Lo que hace apenas tres días fue motivo de celebración en Cartagena —el inicio de la recuperación de colegios en ruinas, proyectos largamente esperados por más de 12 mil estudiantes— hoy se convirtió en un foco de indignación. La suspensión de las obras, ordenada por la jueza Novena Penal Municipal Elizabeth Araújo, en respuesta a una tutela interpuesta por Lía Margarita Muñoz, política del Pacto Histórico y excandidata a la Alcaldía, desató el rechazo de obreros, padres de familia y líderes comunitarios.
En el colegio Santa María, donde ya se adelantaban las primeras labores de reconstrucción, un grupo de trabajadores de la construcción alzó la voz.
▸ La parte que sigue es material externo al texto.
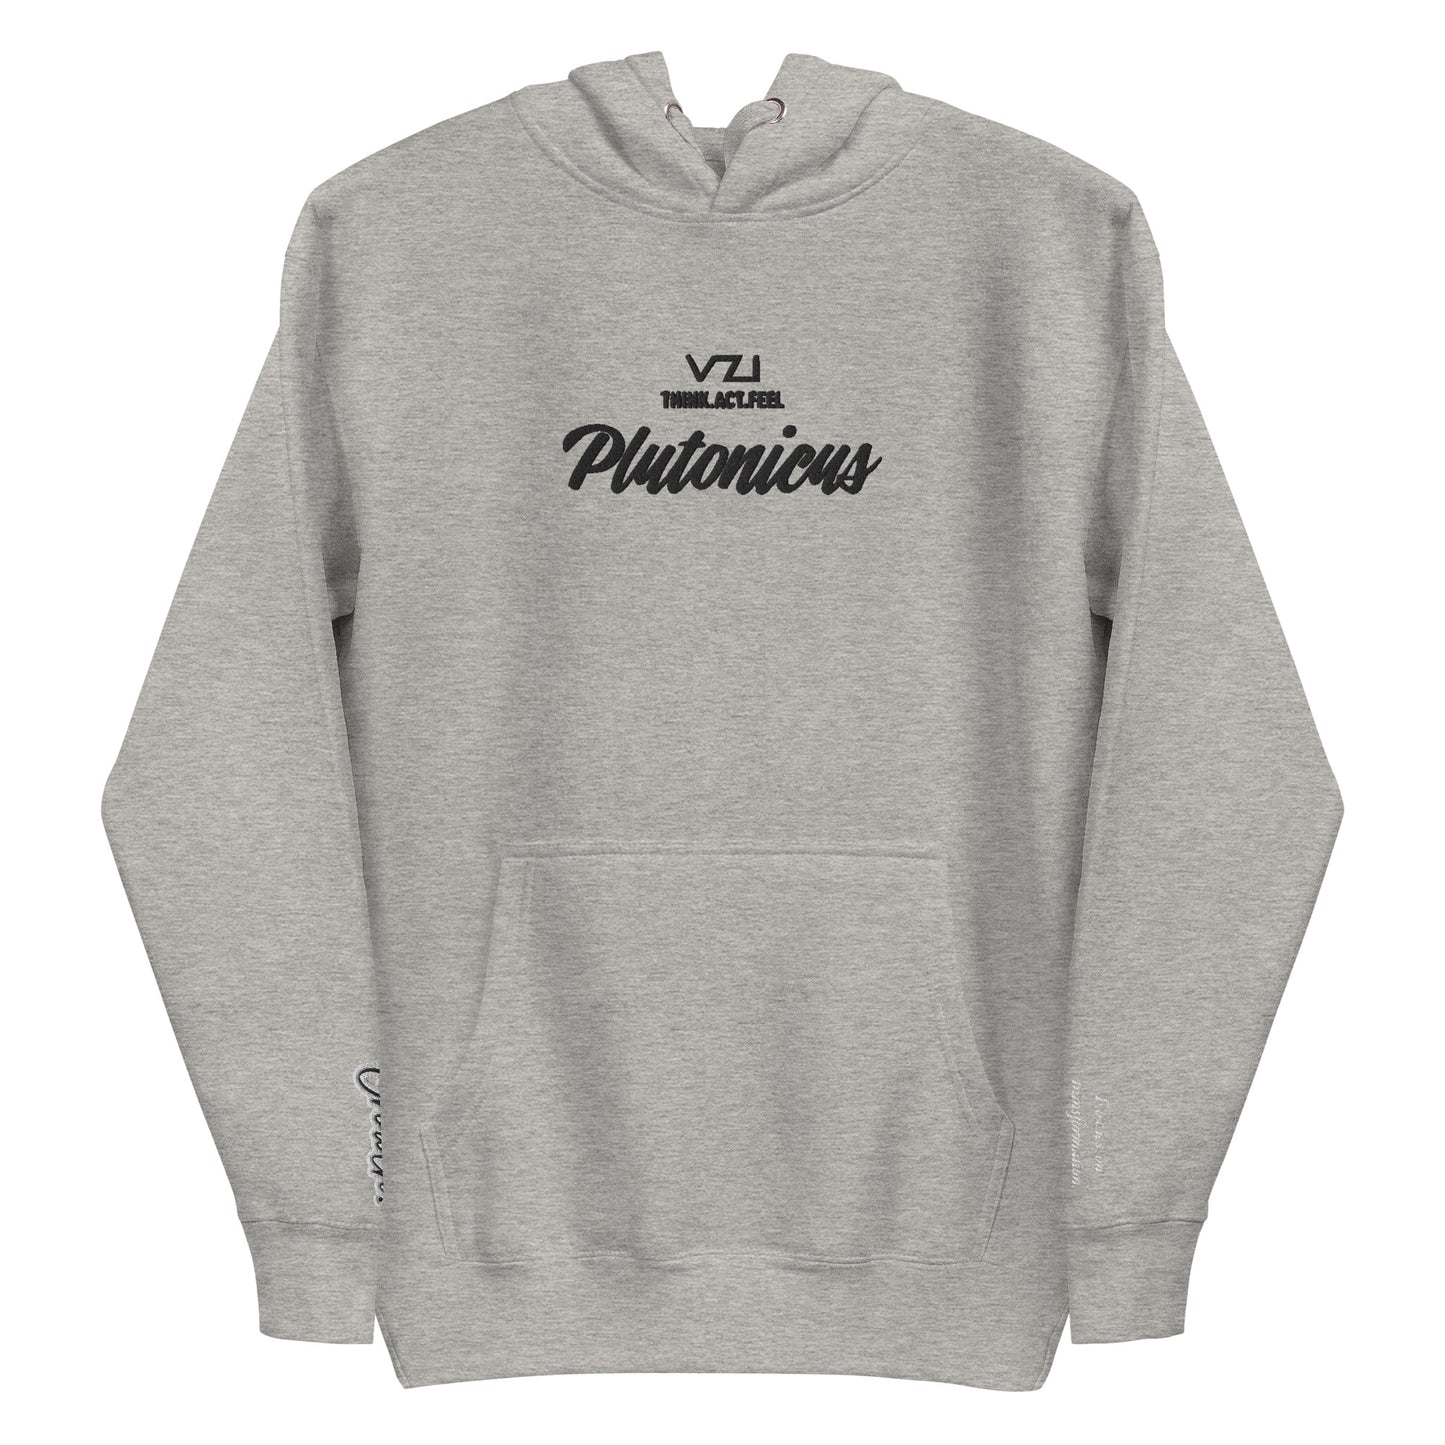 Plutonicus: Men's Hoodie, Classic Cotton: Focus on transformation, rebirth, and deep change.(Growth)

Dicen sentirse directamente golpeados por la decisión, pues muchos habían encontrado en estas obras una oportunidad laboral para sostener a sus hogares.
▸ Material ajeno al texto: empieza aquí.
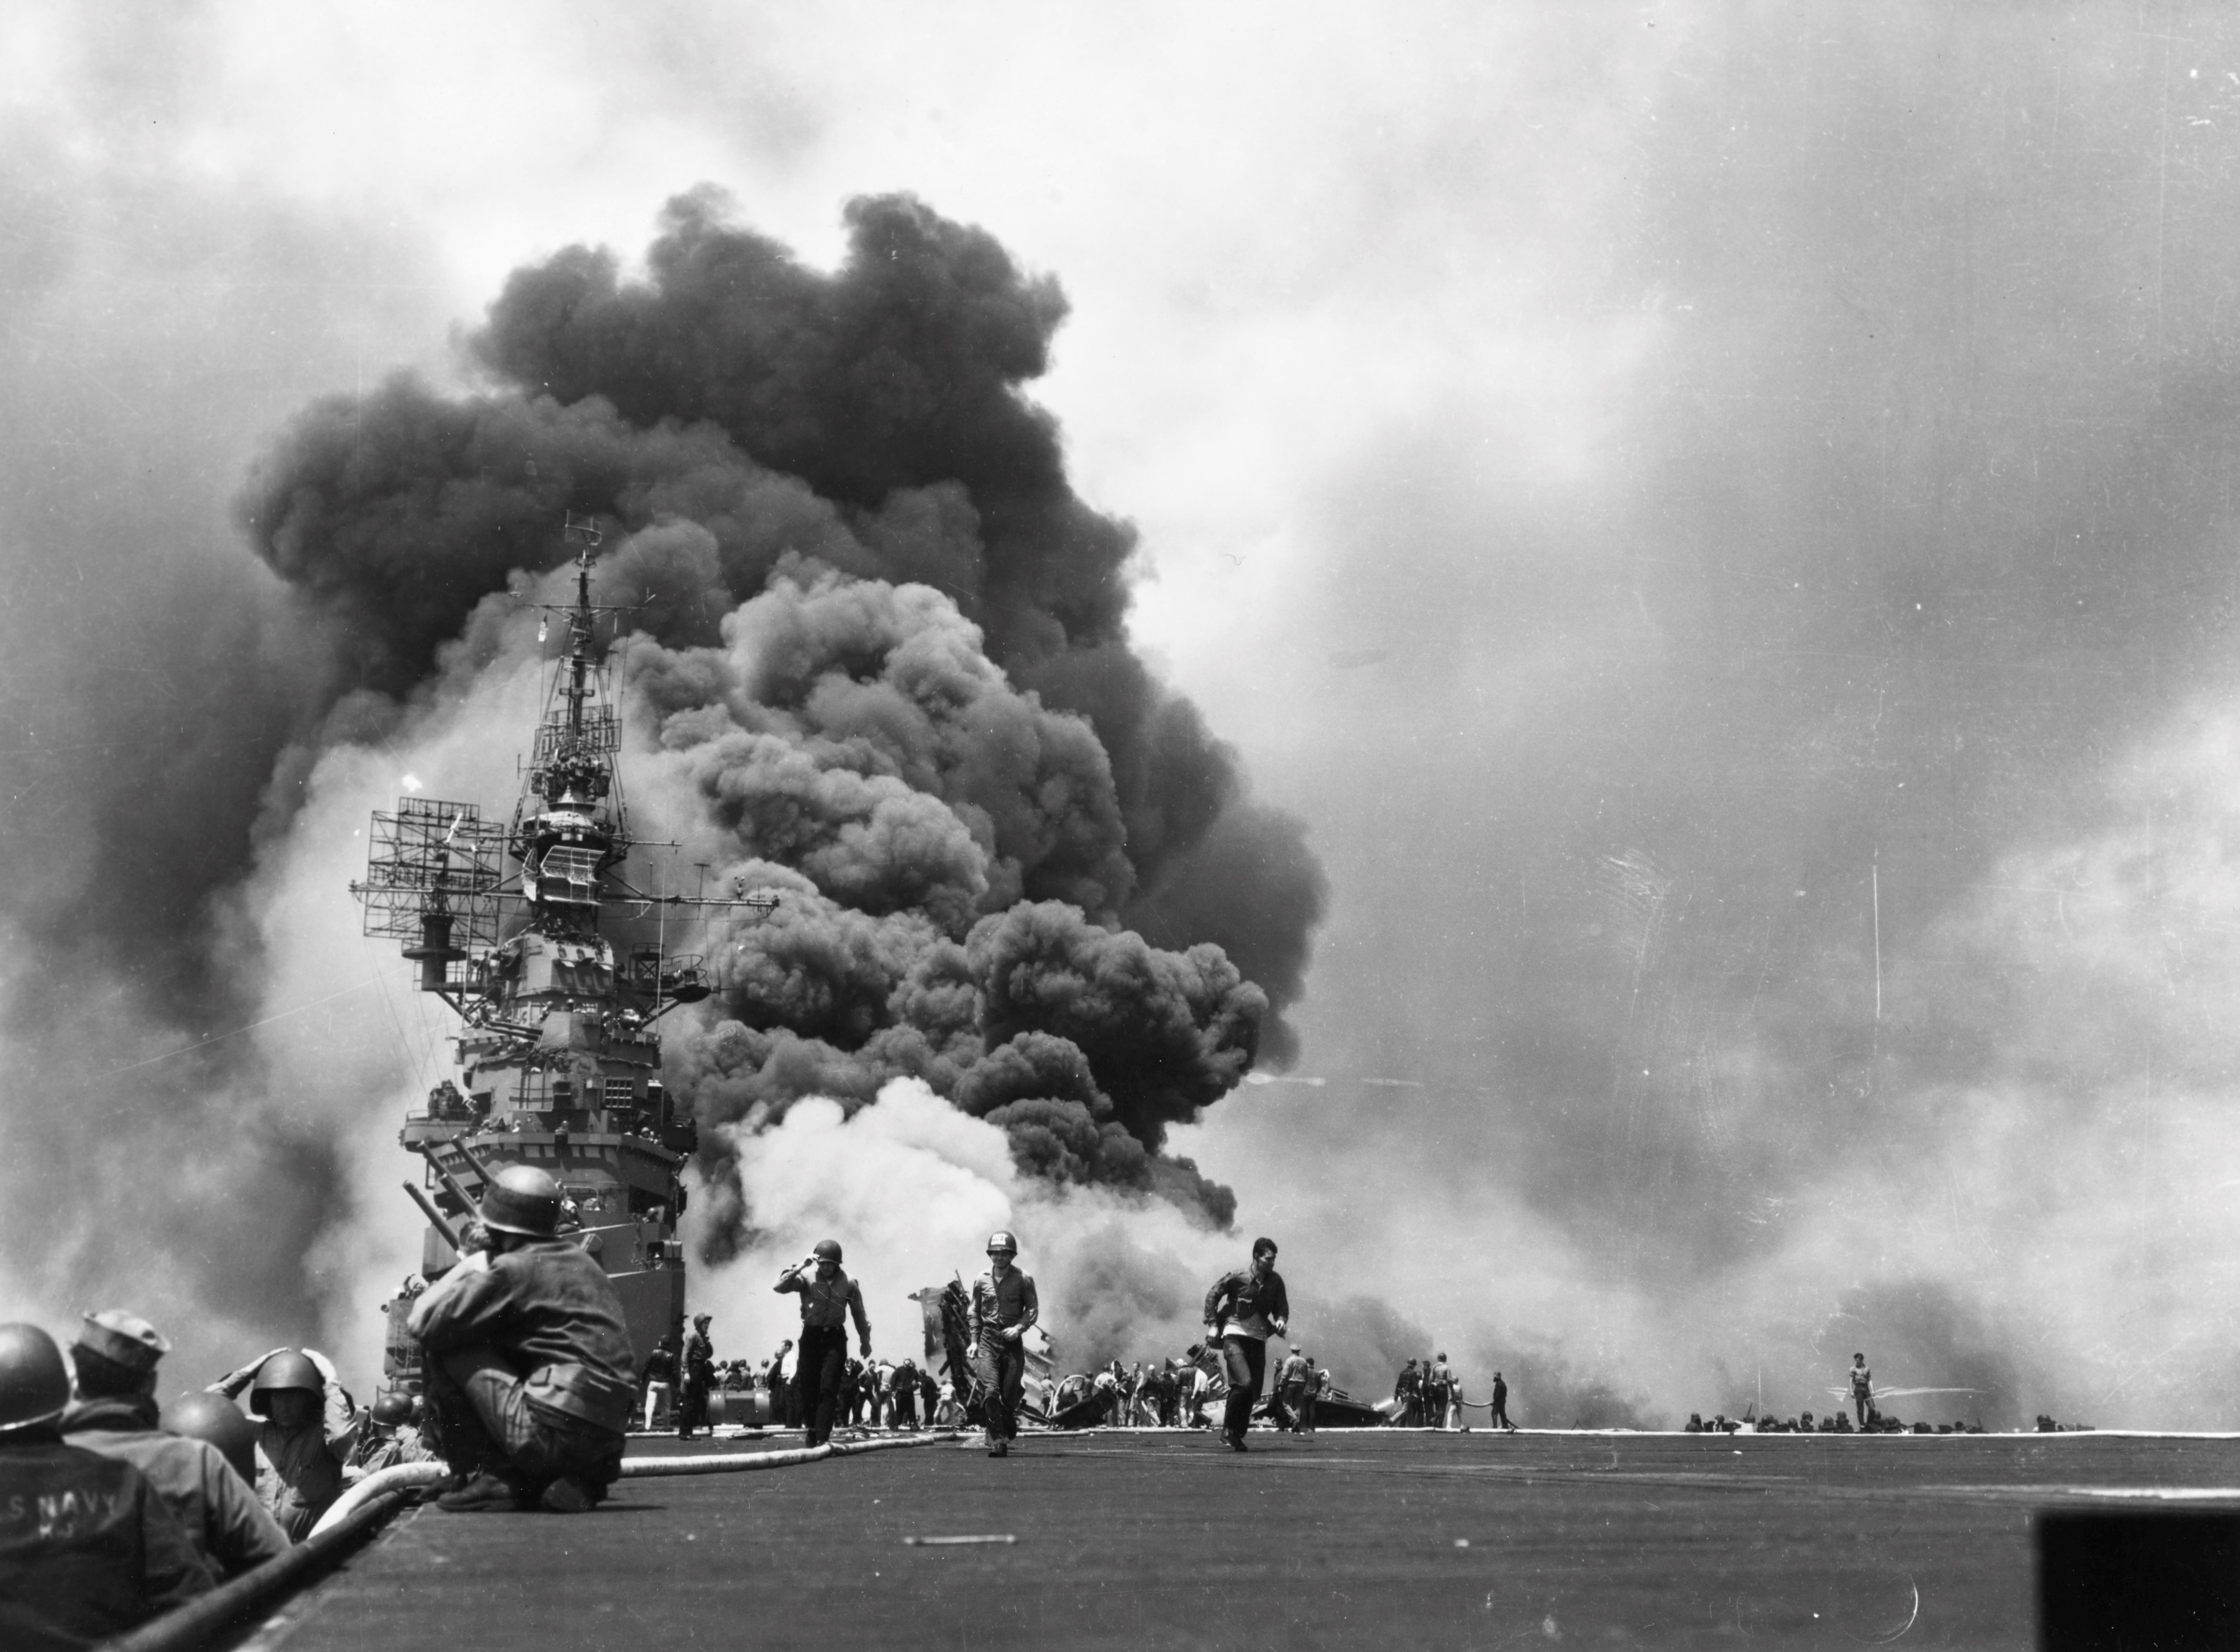 Carrier USS Bunker Hill burning after the second special attack off Okinawa, Japan, 11 May 1945

“No solo son los niños a quienes quieren aplazarles el sueño de estudiar en un colegio digno; también somos los obreros que ya contábamos con este empleo. Se frena la emoción de estudiantes y padres de familia, y además se nos afecta a nosotros, que tenemos familias que mantener. Si la gente se queda sin trabajo, eso también puede traer más inseguridad”, manifestaron en conjunto.
La suspensión no solo toca fibras en el sector educativo, sino también en la economía local. Son decenas de maestros de obra, ayudantes, ingenieros y profesionales que habían sido vinculados al proyecto y que hoy ven en riesgo su estabilidad laboral.
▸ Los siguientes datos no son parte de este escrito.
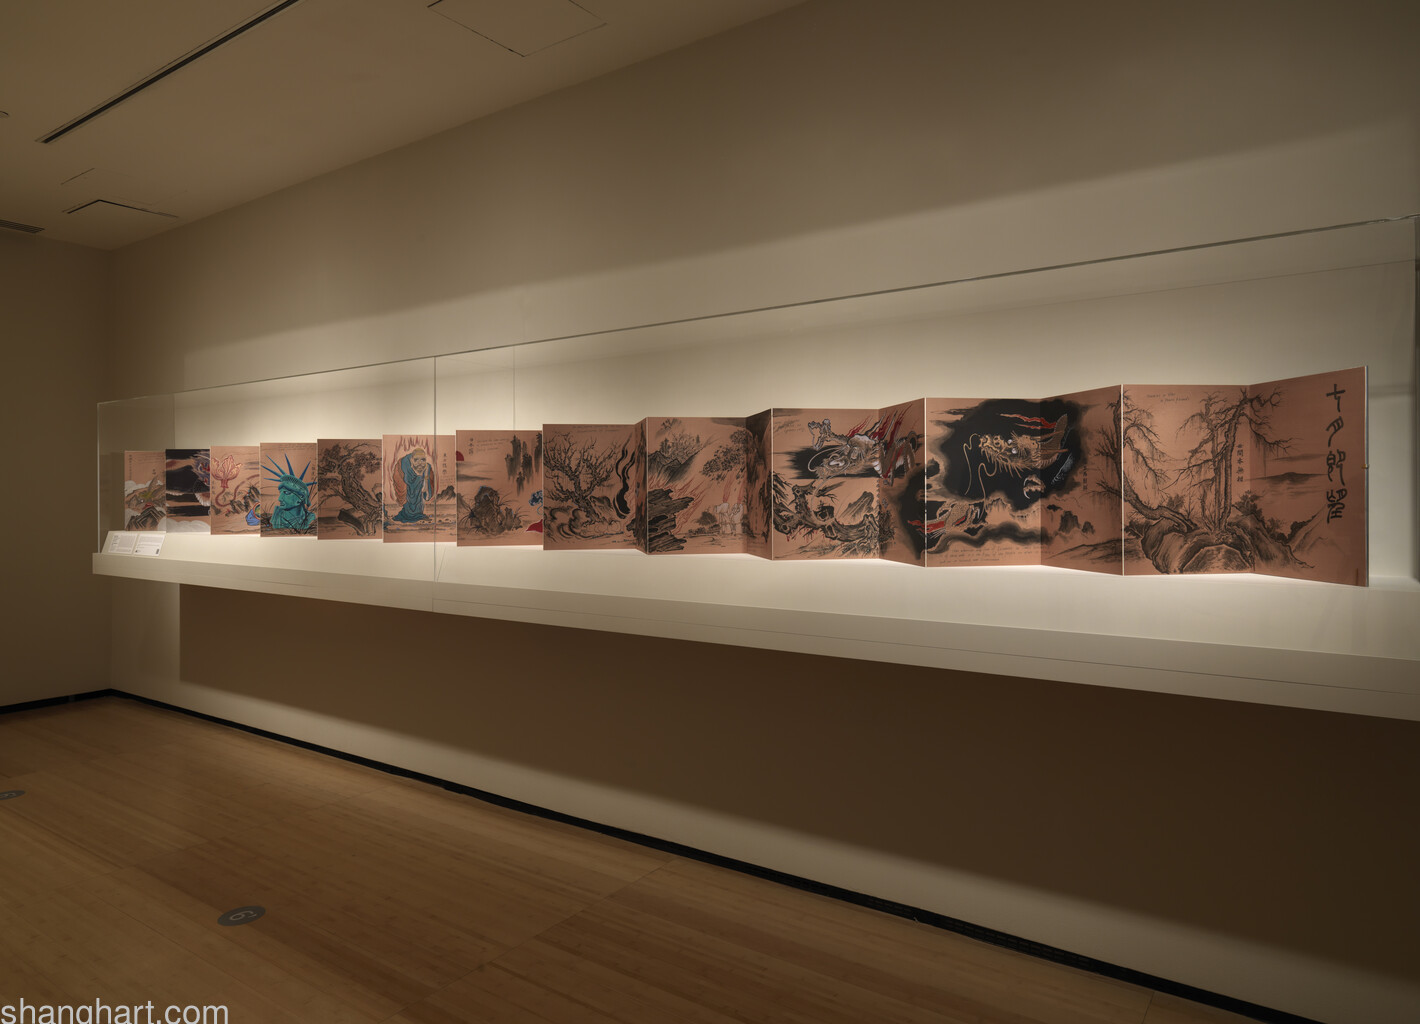 Installation view of Asia Society Triennial: “We Do Not Dream Alone” at Asia Society Museum, New York, October 27, 2020–June 27, 2021. Photograph: Bruce M. White, 2020, courtesy of Asia Society

A la par, diversas voces cuestionan la motivación de la tutela. Señalan que Muñoz trabajó hasta hace pocos meses como contratista de la Alcaldía con una Orden de Prestación de Servicios, lo que hace pensar en una retaliación política o laboral justo en plena campaña electoral.
El contraste no podría ser más fuerte: lo que se vivió con júbilo durante el inicio de las obras —con comunidades celebrando el fin de décadas de abandono escolar— se transformó en frustración e incertidumbre. Barrios como 20 de Julio, Antonio José de Sucre, Cerros de Albornoz y el mismo Santa María hoy sienten que se les arrebata un derecho ganado: el de ver a sus hijos estudiar en condiciones dignas.
El caso, más allá de lo judicial, pone sobre la mesa una pregunta de fondo: ¿hasta dónde pueden llegar los intereses políticos en un tema tan sensible como la educación y el empleo de cientos de familias cartageneras?